New technology, particularly new battery technology, and the move towards electric vehicles are clear factors behind some of the best performing metal prices in 2017.

Cobalt, used as a blue pigment for ceramics and glassware in ancient Egypt, is integral to red blood cell formation as a constituent part of vitamin B12. Driving its advance last year though was its uses in renewable energy systems. It can be used as part of a hard wearing magnetic alloy in wind and wave generators. Its catalytic properties allow it to split water, which has uses in developing new solar energy technologies.  It is also used in rechargeable batteries, which can power electric vehicles.

Vanadium is also useful for its alloys. Vanadium steel is more wear resistant than ordinary steel; it is a component in the cells of redox flow energy storage batteries.

Palladium, meanwhile, is a catalyst in petrol cars and has fared well. Unlike platinum, used as a catalyst in diesels, which languished down with gold and silver.

The volatility seen in some commodities was, Gibson says, down to internal policy changes in China, particularly its moves to clean its environment. This particularly affected iron ore, steel and coking coal.

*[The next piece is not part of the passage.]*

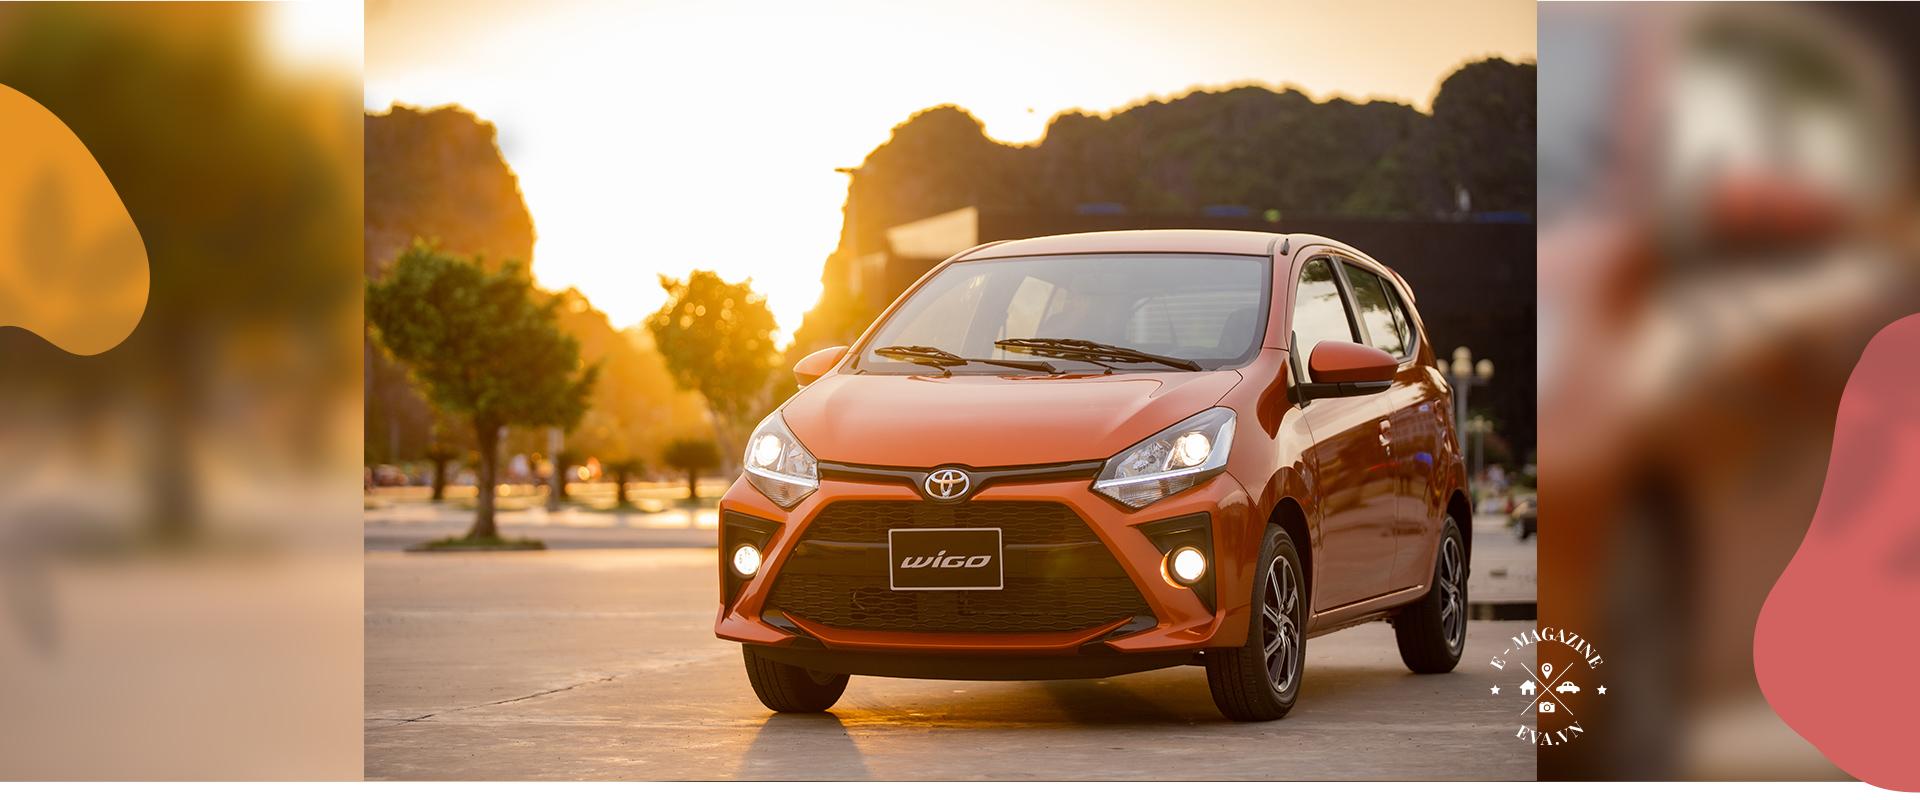 Một ngày bận rộn cùng Toyota WIGO 2020 và cô nàng cá tính - 10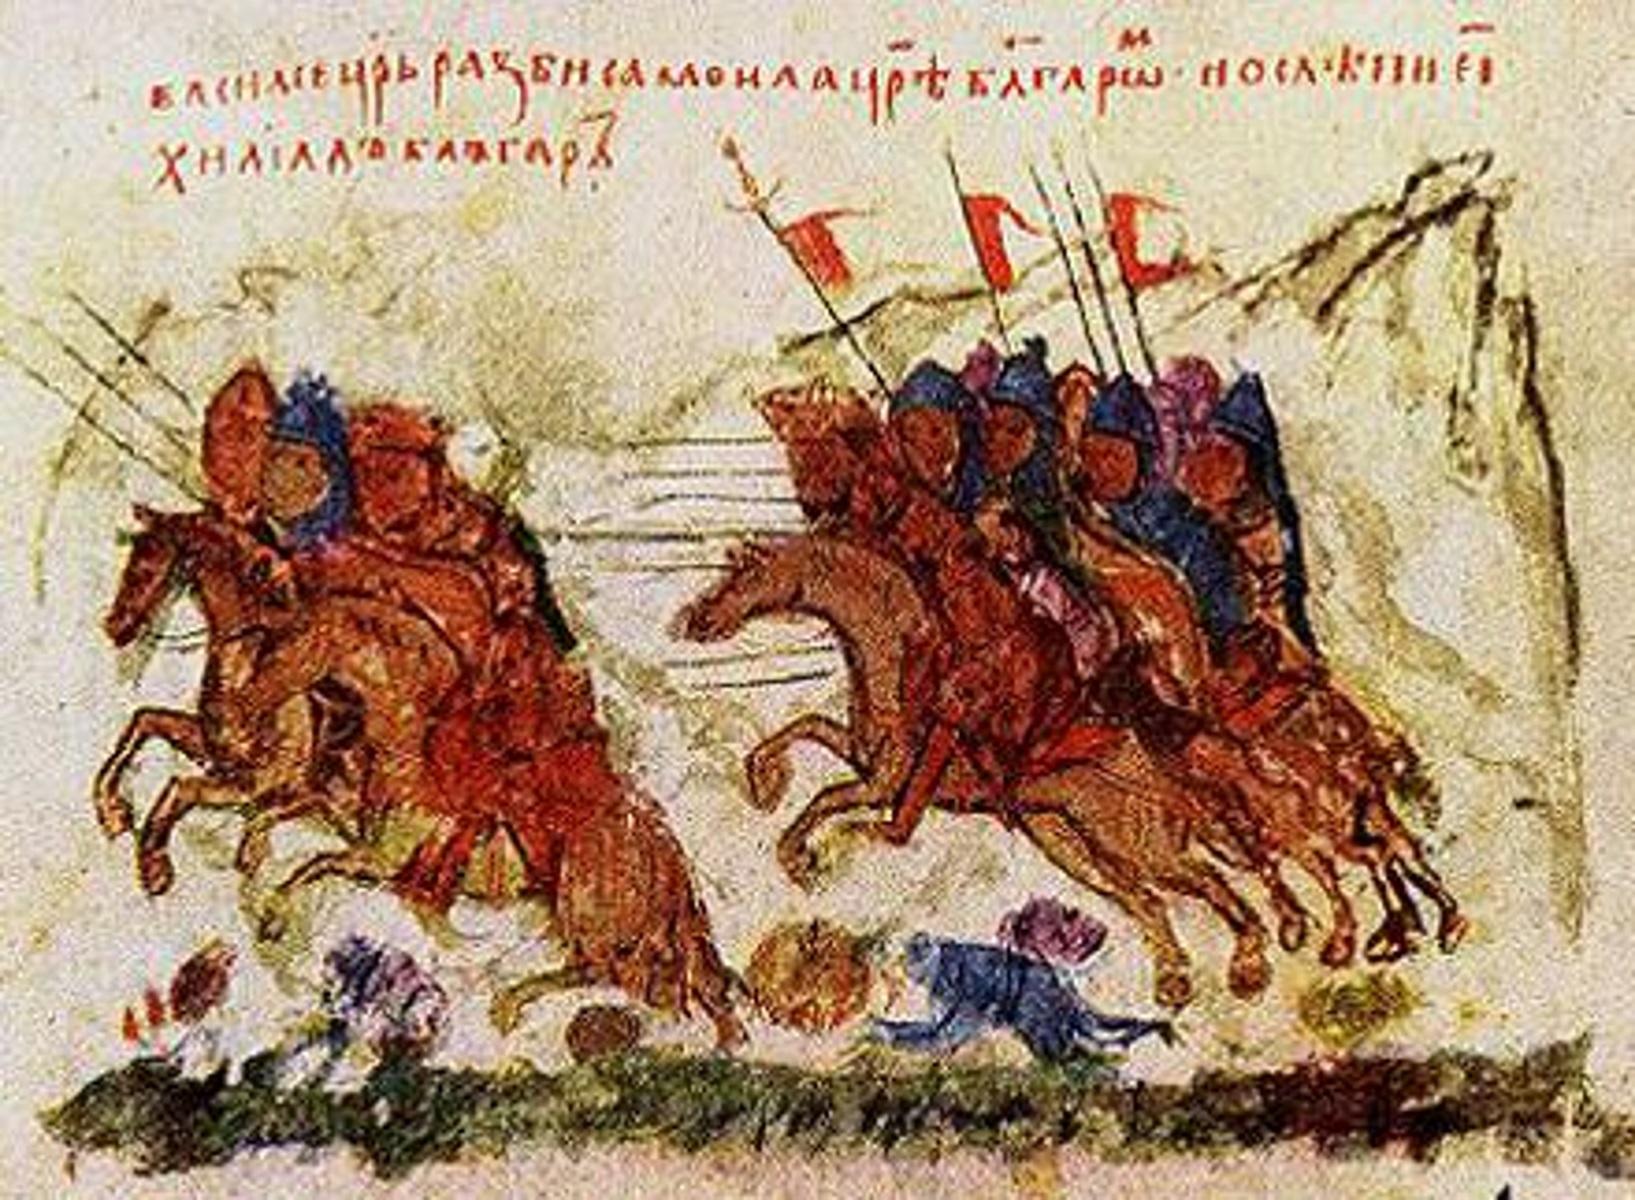 Μάχη του Κλειδίου: Ο Βασίλειος Β' συντρίβει και τυφλώνει χιλιάδες Βούλγαρους

Stocks skewed toward outperformance in 2017

In terms of the best and worst performing commodity stocks in 2017, there was a skew towards better performance. While few of the fallers dropped by double-digit percentages, all the top ten climbers rose more than 100%. Kazakhstan copper mining company, KAZ Minerals, rose around 160%. While gold producer, Kirkland Lake, rose to 190%, and Malaysia’s Press Metal Aluminium rose to 280%.

Gibson notes that the gearing of holding mining stocks over the metals themselves was clearly very magnified in 2017.